Question

(a) Find the equation of the normal to the hyperbola x = 4t, y = 4/t at the point (8,2).

Answer 1

The slope of the tangent line to the curve at (8, 2) is given by the derivative $\frac{dy}{dx}$ at that point.
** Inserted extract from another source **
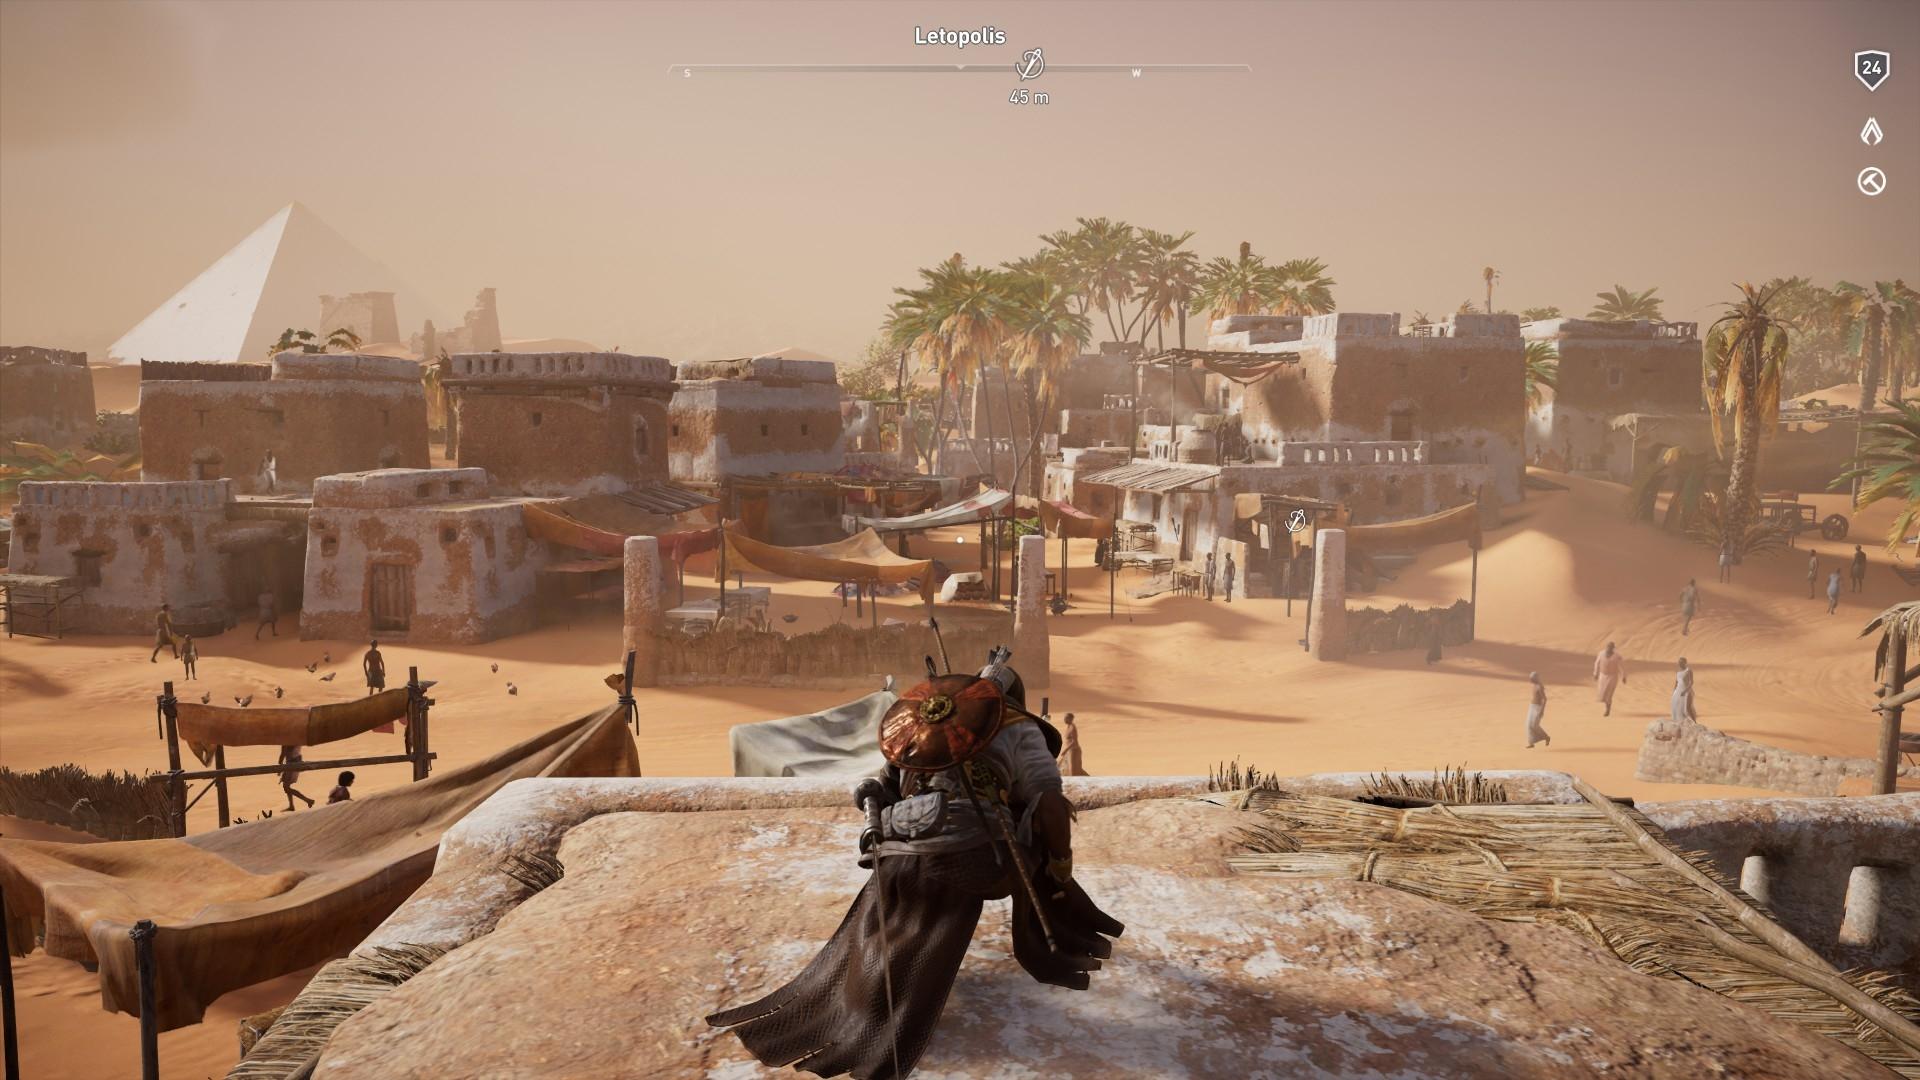 Assassin's Creed: Origins (PC) Review // TechNuovo.com
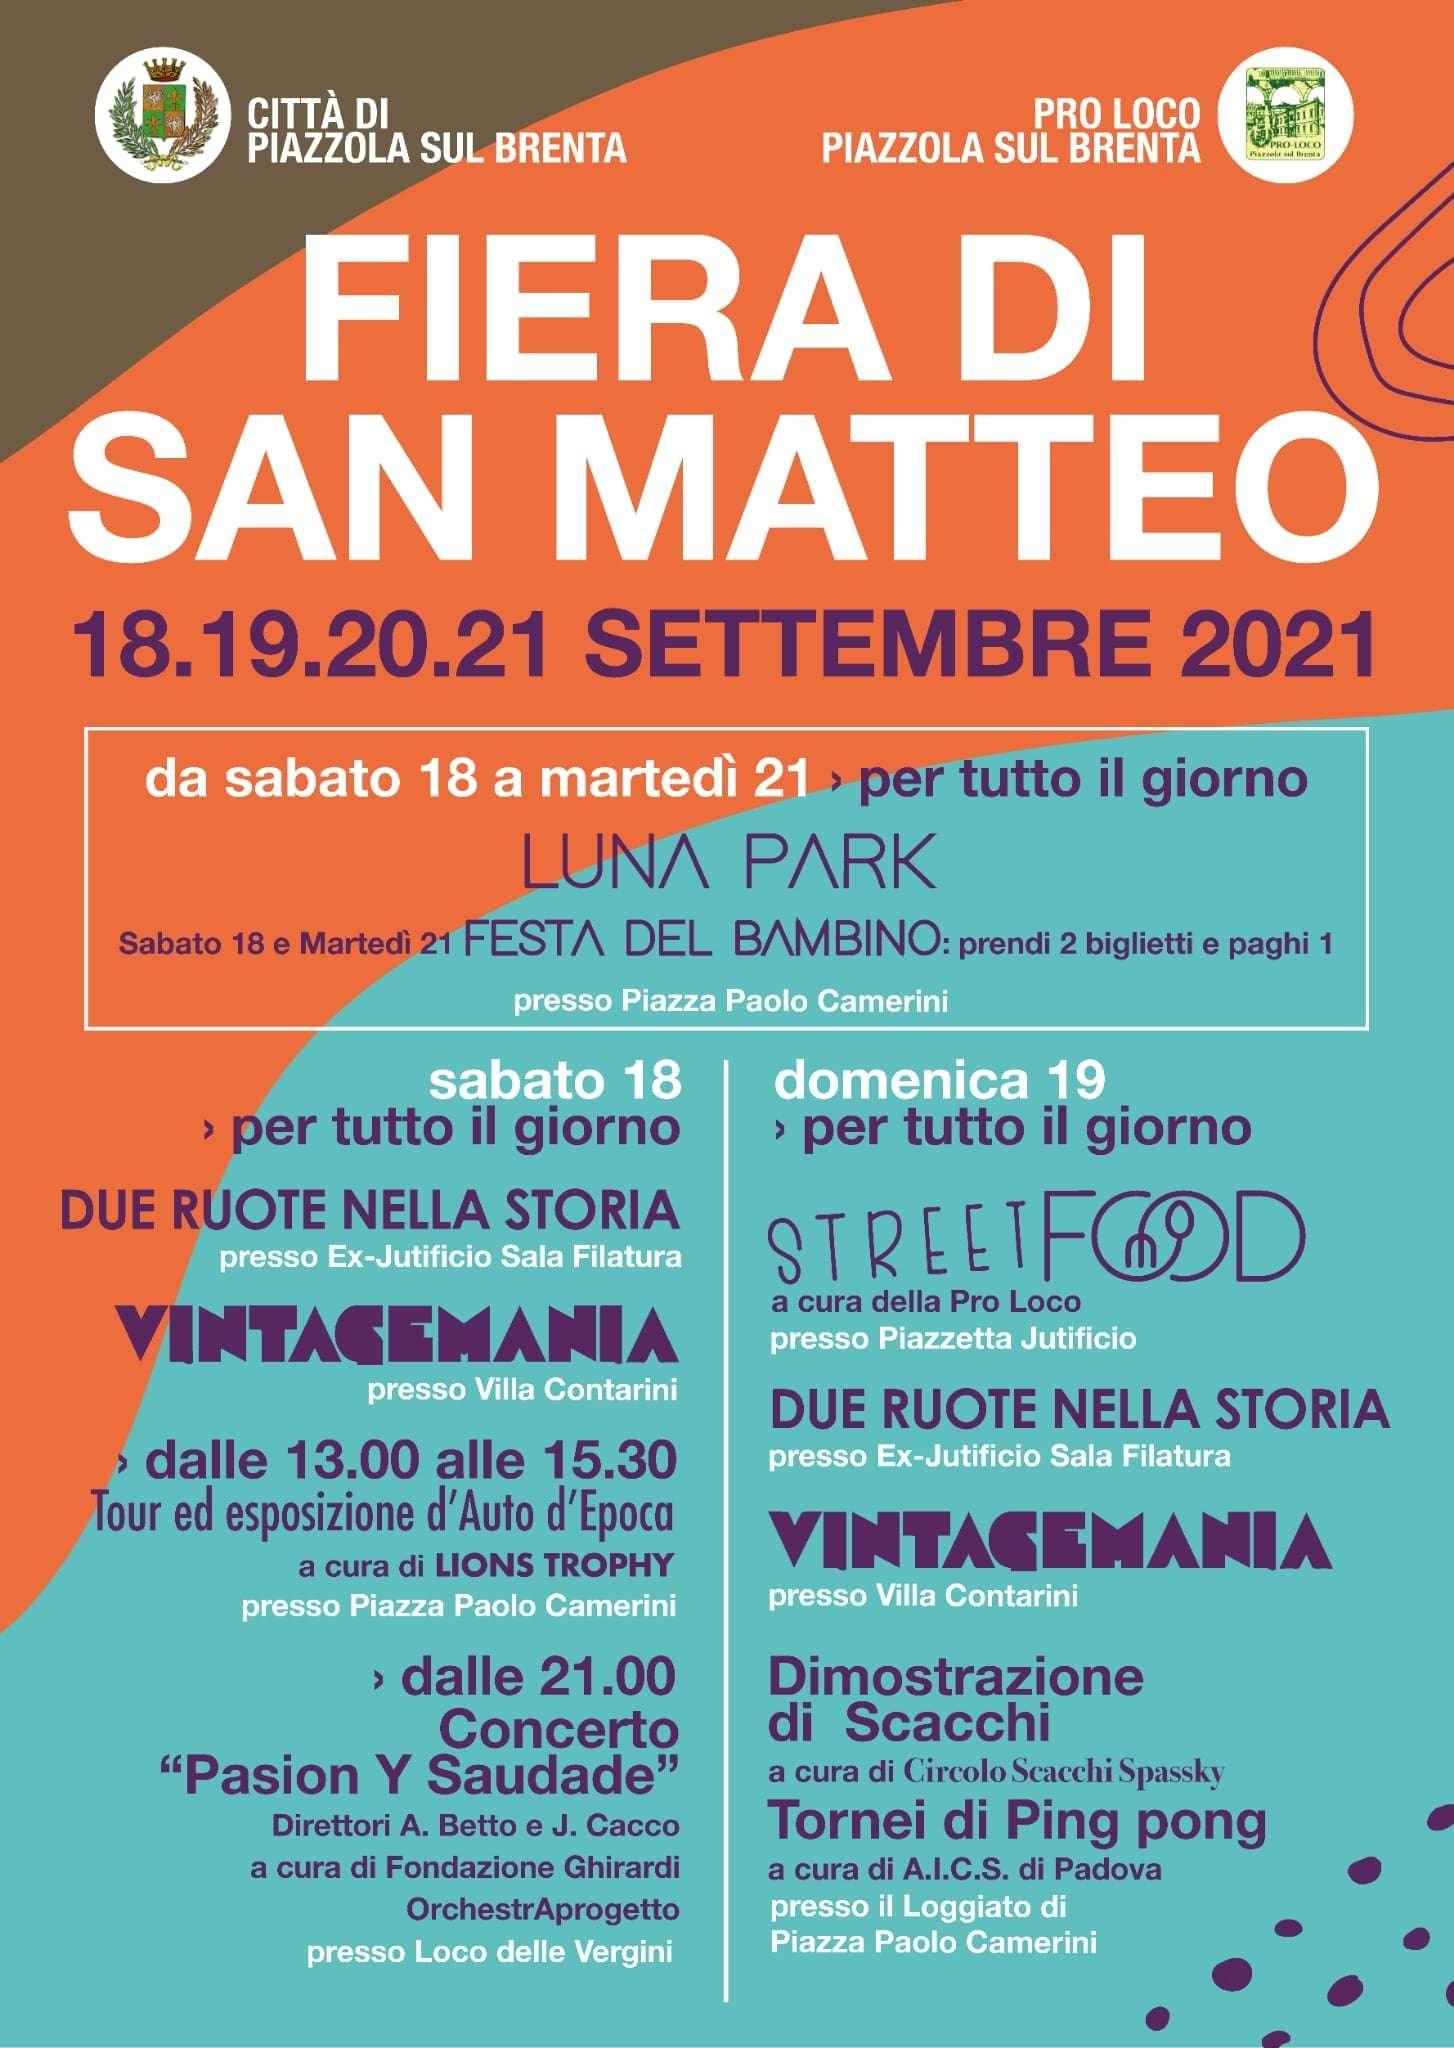 San Matteo 2021

By the chain rule,

$\dfrac{dy}{dx} = \dfrac{dy}{dt} \times \dfrac{dt}{dx} = \dfrac{\frac{dy}{dt}}{\frac{dx}{dt}}$

Differentiate the given parametric equations with respect to $t$ :

$x = 4t \implies \dfrac{dx}{dt} = 4$

$y = \dfrac4t \implies \dfrac{dy}{dt} = -\dfrac4{t^2}$

Then

$\dfrac{dy}{dx} = \dfrac{-\frac4{t^2}}4 = -\dfrac1{t^2}$

We have $x=8$ and $y=2$ when $t=2$, so the slope at the given point is $\frac{dy}{dx} = -\frac14$.

The normal line to the same point is perpendicular to the tangent line, so its slope is +4. Then using the point-slope formula for a line, the normal line has equation

$y - 2 = 4 (x - 8) \implies \boxed{y = 4x - 30}$

Alternatively, we can eliminate the parameter and express $y$ explicitly in terms of $x$ :

$x = 4t \implies t = \dfrac x4 \implies y = \dfrac4t = \dfrac4{\frac x4} = \dfrac{16}x$

Then the slope of the tangent line is

$\dfrac{dy}{dx} = -\dfrac{16}{x^2}$

At $x = 8$, the slope is again $-\frac{16}{64}=-\frac14$, so the normal has slope +4, and so on.